培養槽・リアクター

ステンレス培養槽

ステンレス培養槽は、ステンレス製の固定式培養槽を用いて、細胞培養や微生物発酵を行う大型の培養設備です。シングルユースバイオリアクターが使い捨てバッグを装着して培養を行うのに対し、ステンレス培養槽は固定された金属製の槽を洗浄・滅菌しながら繰り返し使用します。大型スケール、長期運用、大量生産に向いており、商用バイオ医薬品製造の中核設備として使われます。

大規模培養商用製造微生物発酵CIP/SIP
分類
培養槽・リアクター
主な用途
大規模培養 / 商用製造 / 微生物発酵 / CIP/SIP
関連モダリティ
抗体医薬 / ADC / 二重特異性抗体 / Fc融合タンパク質・組換えタンパク質 / AAV / レンチウイルス / ワクチン / 細胞治療 / iPS細胞・幹細胞由来製品 / 遺伝子編集 / mRNA-LNP / プラスミドDNA / 微生物発酵 / 低分子医薬品
代表メーカー
ABEC・ZETA・Getinge / Applikon・Pierre Guerin ほか計37社
関連キーワード
本培養 / シングルユースバイオリアクター / ガラス製ベンチトップバイオリアクター / 培養制御システム / SCADA/MES / 培地・フィード

用途・特徴

ステンレス培養槽は、制御された環境で細胞や微生物を大規模に培養するために使われます。
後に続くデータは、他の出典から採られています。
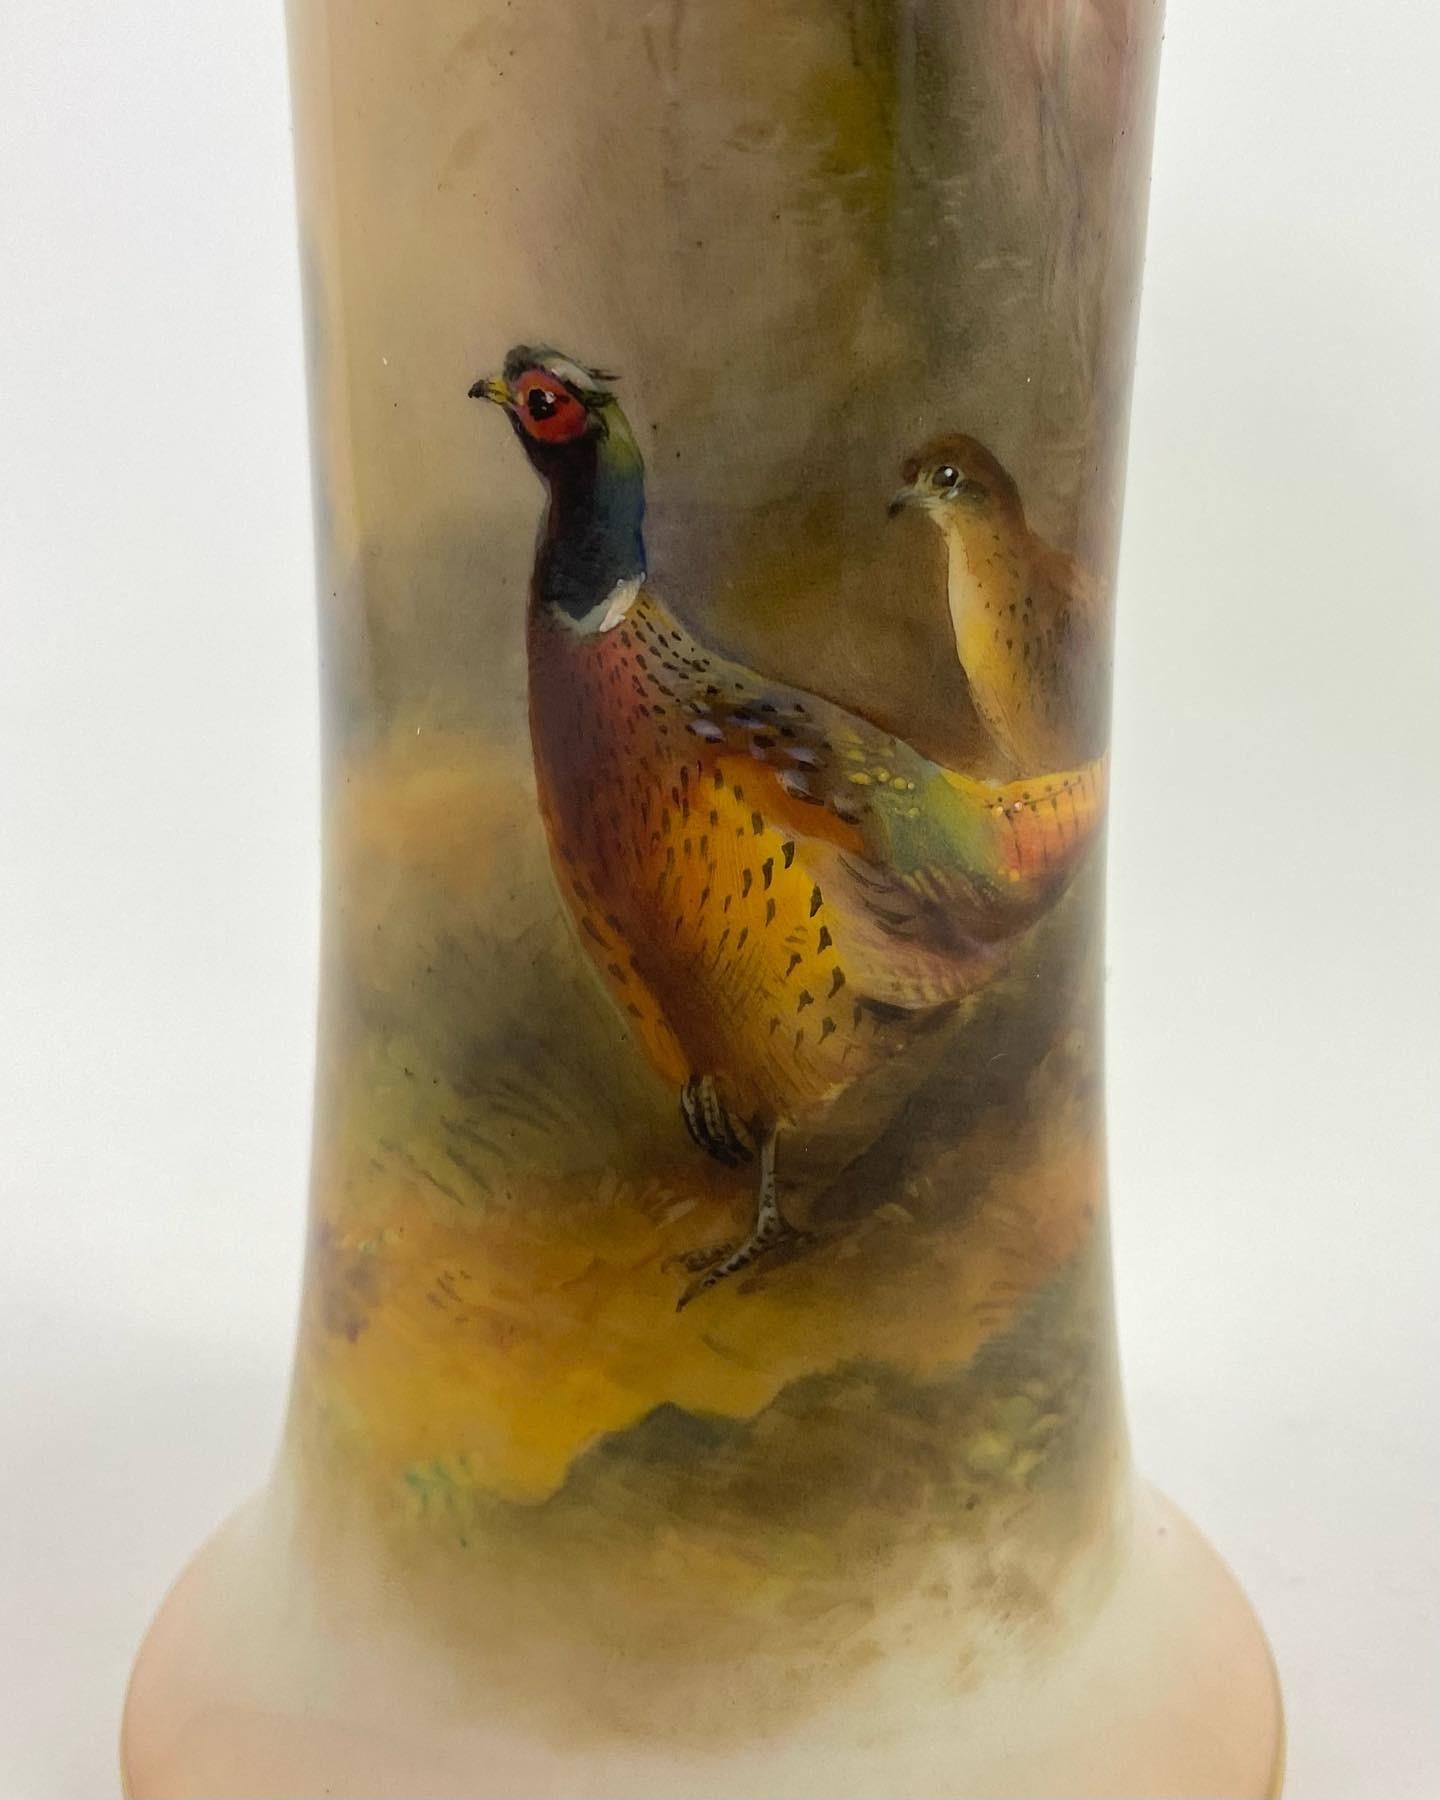 Mid-20th Century Royal Worcester Porcelain Vase, Pheasants, James Stinton, D. 1934
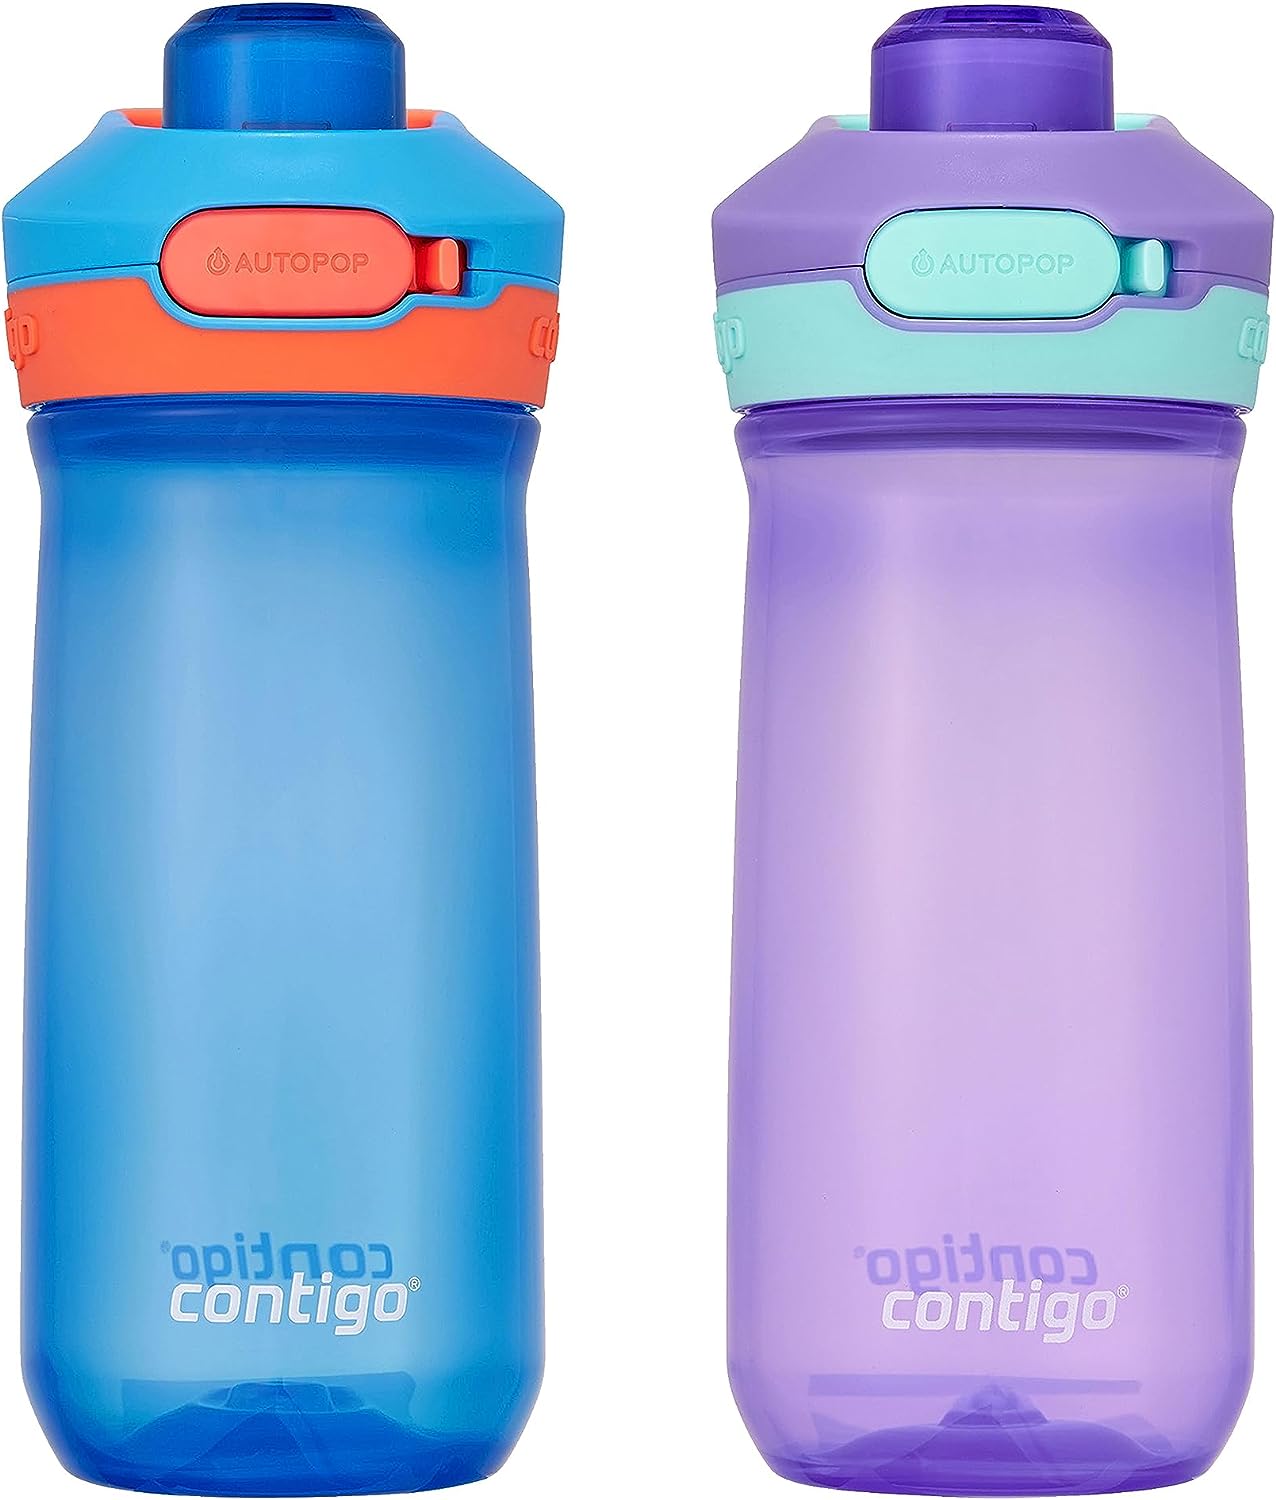 זוג בקבוקי ילדים קונטיגו JESSIE סגול וכחול 420 מ"ל - Contigo

主な制御項目は、温度、pH、DO、撹拌、通気、CO2、O2、N2、エア、フィード添加、消泡、圧力、液量、重量、CIP、SIPなどです。

シングルユース装置と比べて設備としての固定性が高く、洗浄・滅菌・配管・ユーティリティを含む製造システムとして運用されます。

Point
  • ステンレス製の固定式培養設備
  • 大規模・長期運用・大量生産に向く
  • pH、DO、温度、撹拌、通気、フィード、消泡を制御できる
  • CIP/SIP、洗浄バリデーション、設備適格性確認が重要
  • 抗体医薬、ワクチン、組換えタンパク質、微生物発酵で使われる
  • 初期投資は大きいが、長期運用では設備として安定しやすい
  • シングルユースバイオリアクターと製造戦略に応じて使い分ける

使用方法

基本的には、培養槽を洗浄・滅菌し、培地を充填してから細胞を接種し、制御条件下で培養します。

1培養槽と配管をCIPで洗浄する
2SIPで滅菌する
3センサー、配管、バルブ、ガスラインを確認する
4培地を充填する
5温度、pH、DO、撹拌、通気、圧力条件を設定する
6シードトレインで増やした細胞を接種する
7培養中に細胞数、生存率、代謝物、pH、DOを確認する
8必要に応じてフィード、pH調整液、消泡剤を添加する
9培養終了条件を判断する
10ハーベスト・清澄化工程へ送液する
11培養槽を洗浄・滅菌し、次バッチへ備える
実際の運用は、培養スケール、細胞種、培養方式、CIP/SIP設計、制御システム、設備バリデーション、GMP要件によって変わります。